Deleting records with full-text index columns can result in many small deletions in secondary index tables, making concurrent access to those tables a point of contention. To avoid this problem, whenever a DOC_ID record is deleted from the index table, the document ID () of the deleted document is recorded in the special FTS_*_DELETED table, and the index record remains in the full-text index. Before the query result is returned, the FTS_*_DELETED table is used to filter the ids of deleted documents. The advantage of this design is that deletion is quick and cheap. The disadvantage is that deleting a record does not immediately reduce the size of the index. To delete the full-text index entry of the deleted record, the OPTIMIZE TABLE runs Innodb_Optimize_fullTEXT_only =ON ON the TABLE with the index to rebuild the full-text index. For more information, see Optimizing InnoDB full-text Index.

InnoDB full-text index transactions

The InnoDB FULLTEXT index has special transactional properties due to its caching and batch behavior. Specifically, FULLTEXT index updates and inserts are handled at transaction commit time, which means FULLTEXT search can only see committed data. The following example demonstrates this behavior. The FULLTEXT search returns only the result after the inserted row has been committed.
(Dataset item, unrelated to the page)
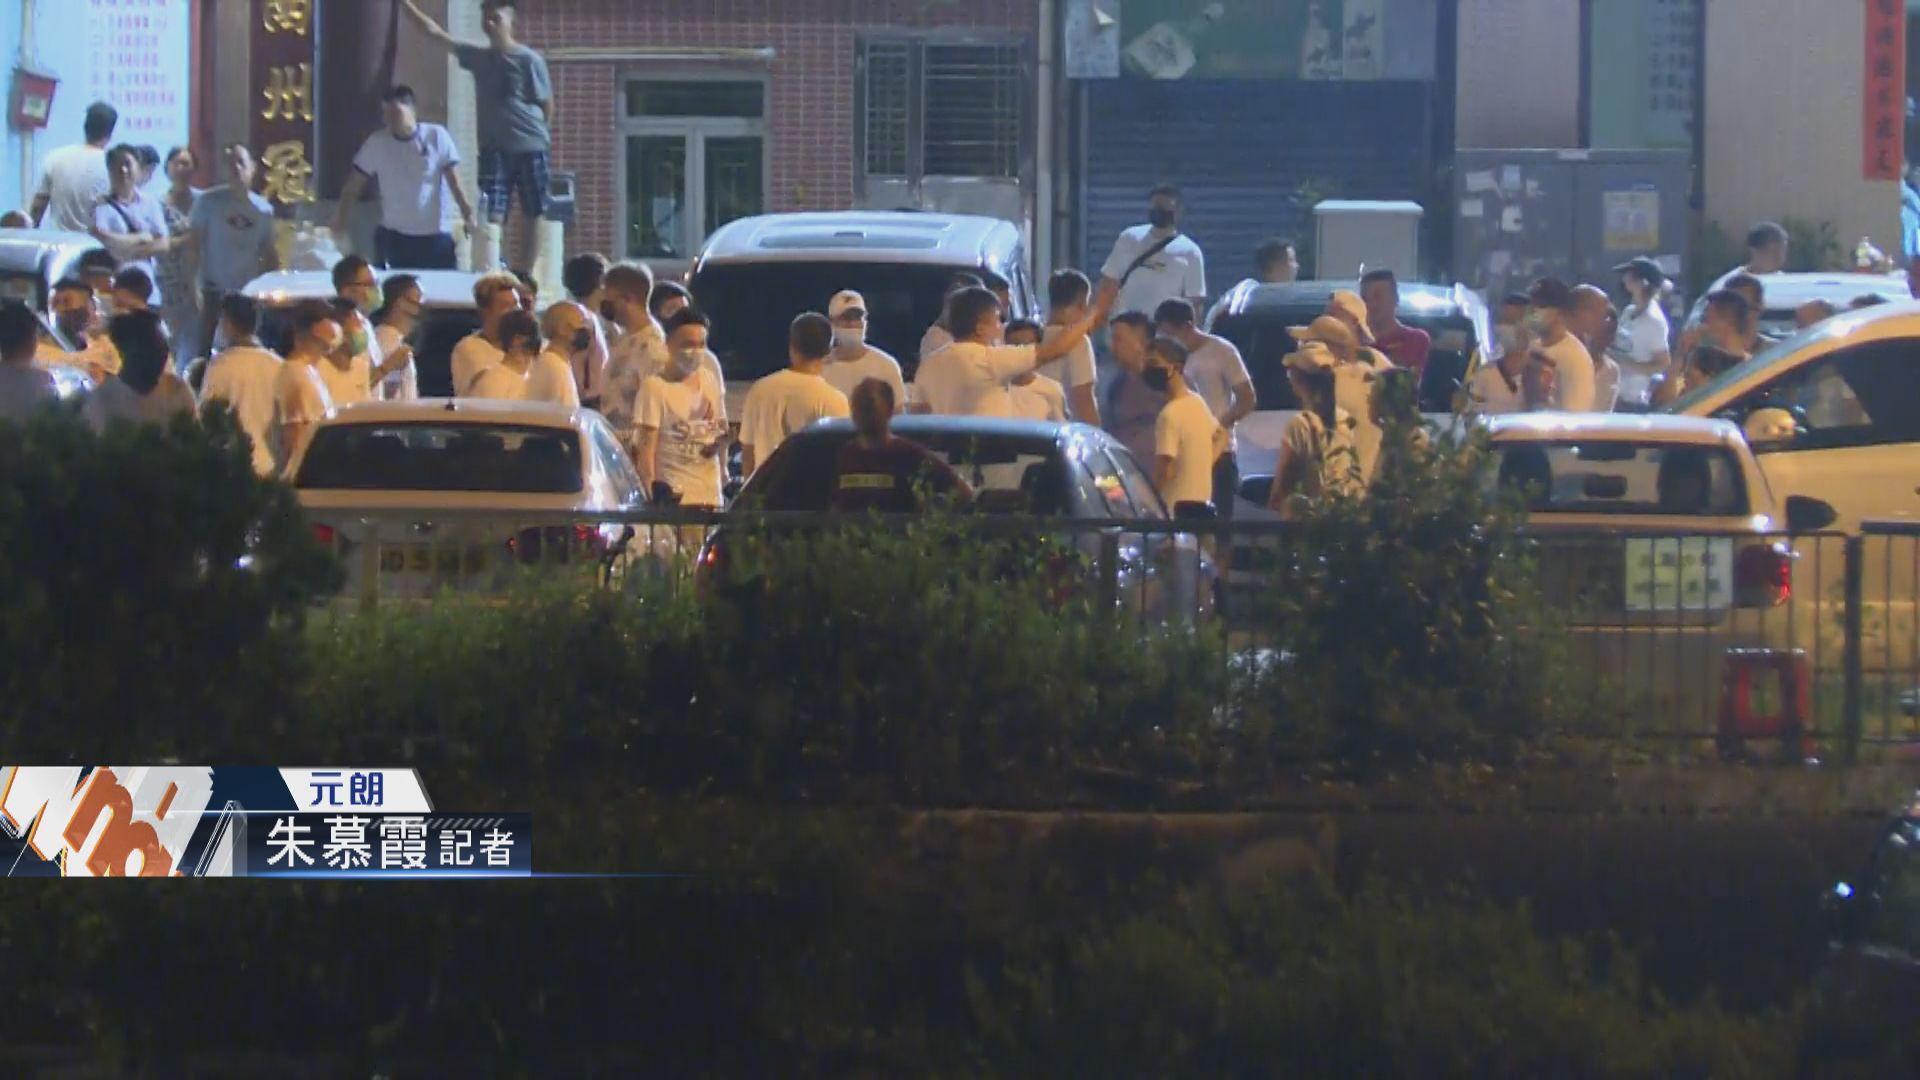 【不斷更新】元朗有白衣人追打黑衣市民 警方到場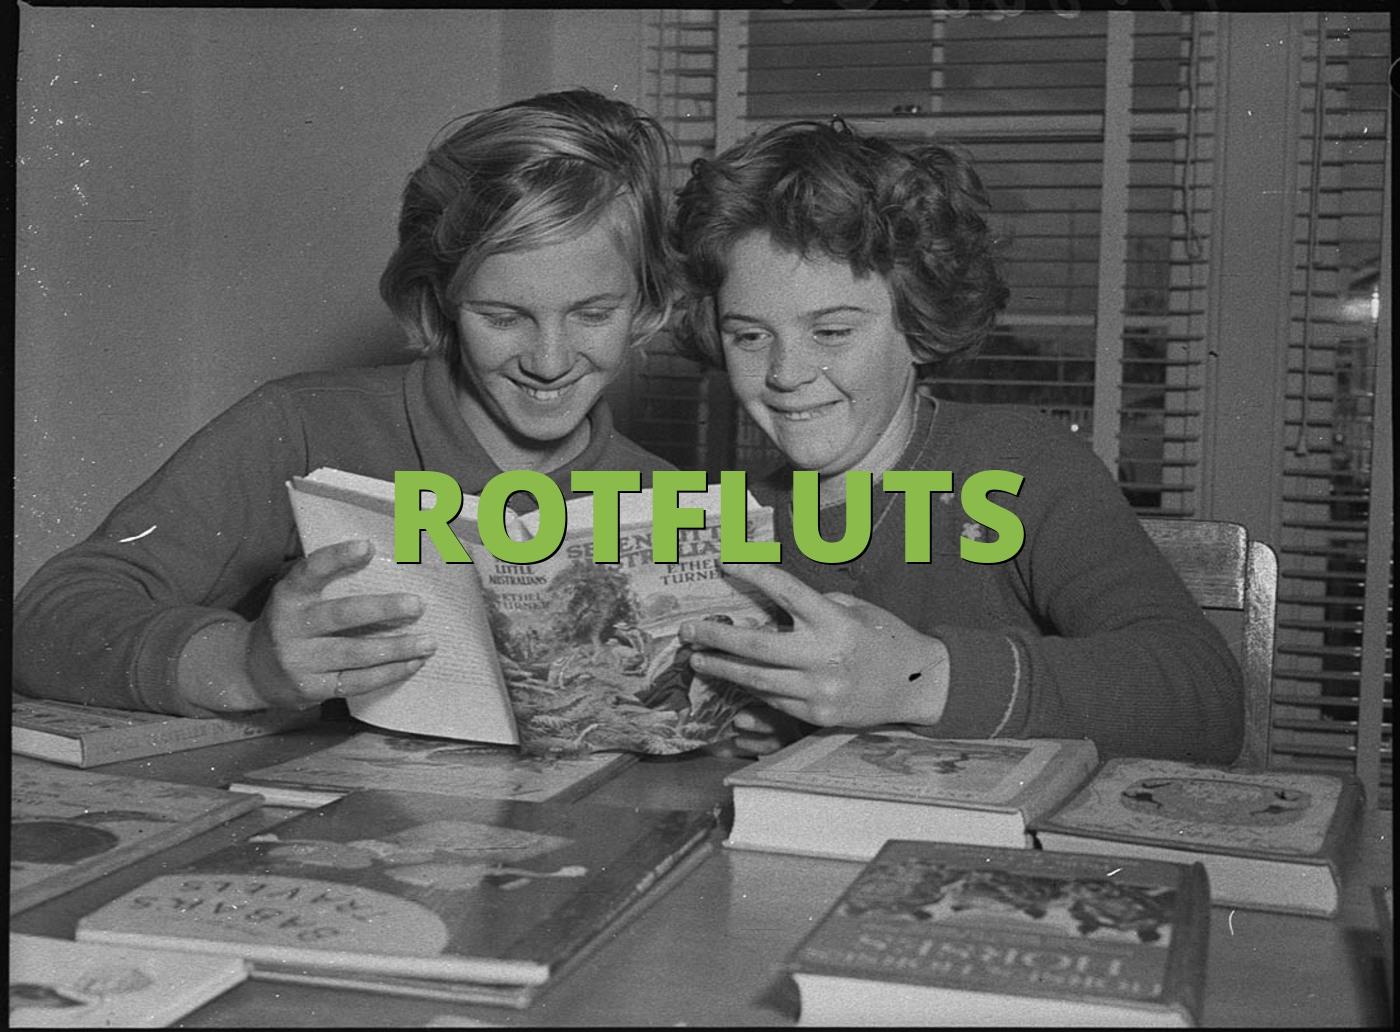 ROTFLUTS

mysql> CREATE TABLE opening_lines (
       id INT UNSIGNED AUTO_INCREMENT NOT NULL PRIMARY KEY,
       opening_line TEXT(500),
       author VARCHAR(200),
       title VARCHAR(200),
       FULLTEXT idx (opening_line)
       ) ENGINE=InnoDB;

mysql> BEGIN;

mysql> INSERT INTO opening_lines(opening_line,author,title) VALUES
       ('Call me Ishmael.'.'Herman Melville'.'Moby-Dick'),
       ('A screaming comes across the sky.'.'Thomas Pynchon'.'Gravity\'s Rainbow'), ('I am an invisible man.', 'Ralph Ellison', 'Invisible Man'), ('Where now? Who now? When now?', 'Samuel Beckett', 'The Unnamable'), ('It was love at first sight.', 'Joseph Heller', 'Catch- 22'), ('All this happened, more or less.', 'Kurt Vonnegut', 'Slaughterhouse-Five'), ('Mrs. Dalloway said she would buy the flowers herself.', 'Virginia Woolf', 'Mrs. Dalloway'), ('It was a pleasure to burn.', 'Ray Bradbury', 'Fahrenheit 451'); mysql> SELECT COUNT(*) FROM opening_lines WHERE MATCH(opening_line) AGAINST('Ishmael'); +----------+ | COUNT(*) | +----------+ | 0 | +----------+ mysql> COMMIT; mysql> SELECT COUNT(*) FROM opening_lines WHERE MATCH(opening_line) AGAINST('Ishmael'); +----------+ | COUNT(*) | +----------+ | 1 | +----------+Copy the code
Monitor InnoDB full-text index

You can monitor and check specific text processing aspects of the index by querying the INFORMATION_SCHEMA table under InnoDB FULLTEXT:

  • INNODB_FT_CONFIG
  • INNODB_FT_INDEX_TABLE
  • INNODB_FT_INDEX_CACHE
  • INNODB_FT_DEFAULT_STOPWORD
  • INNODB_FT_DELETED
  • INNODB_FT_BEING_DELETED

You can also FULLTEXT by querying INNODB_SYS_INDEXES and viewing basic information about indexes and tables INNODB_SYS_TABLES.

For more information, see “InnoDB INFORMATION_SCHEMA FULLTEXT Index Table.”

More content welcome to pay attention to my personal public number “Han Elder brother has words”, 100G artificial intelligence learning materials, a large number of back-end learning materials waiting for you to take.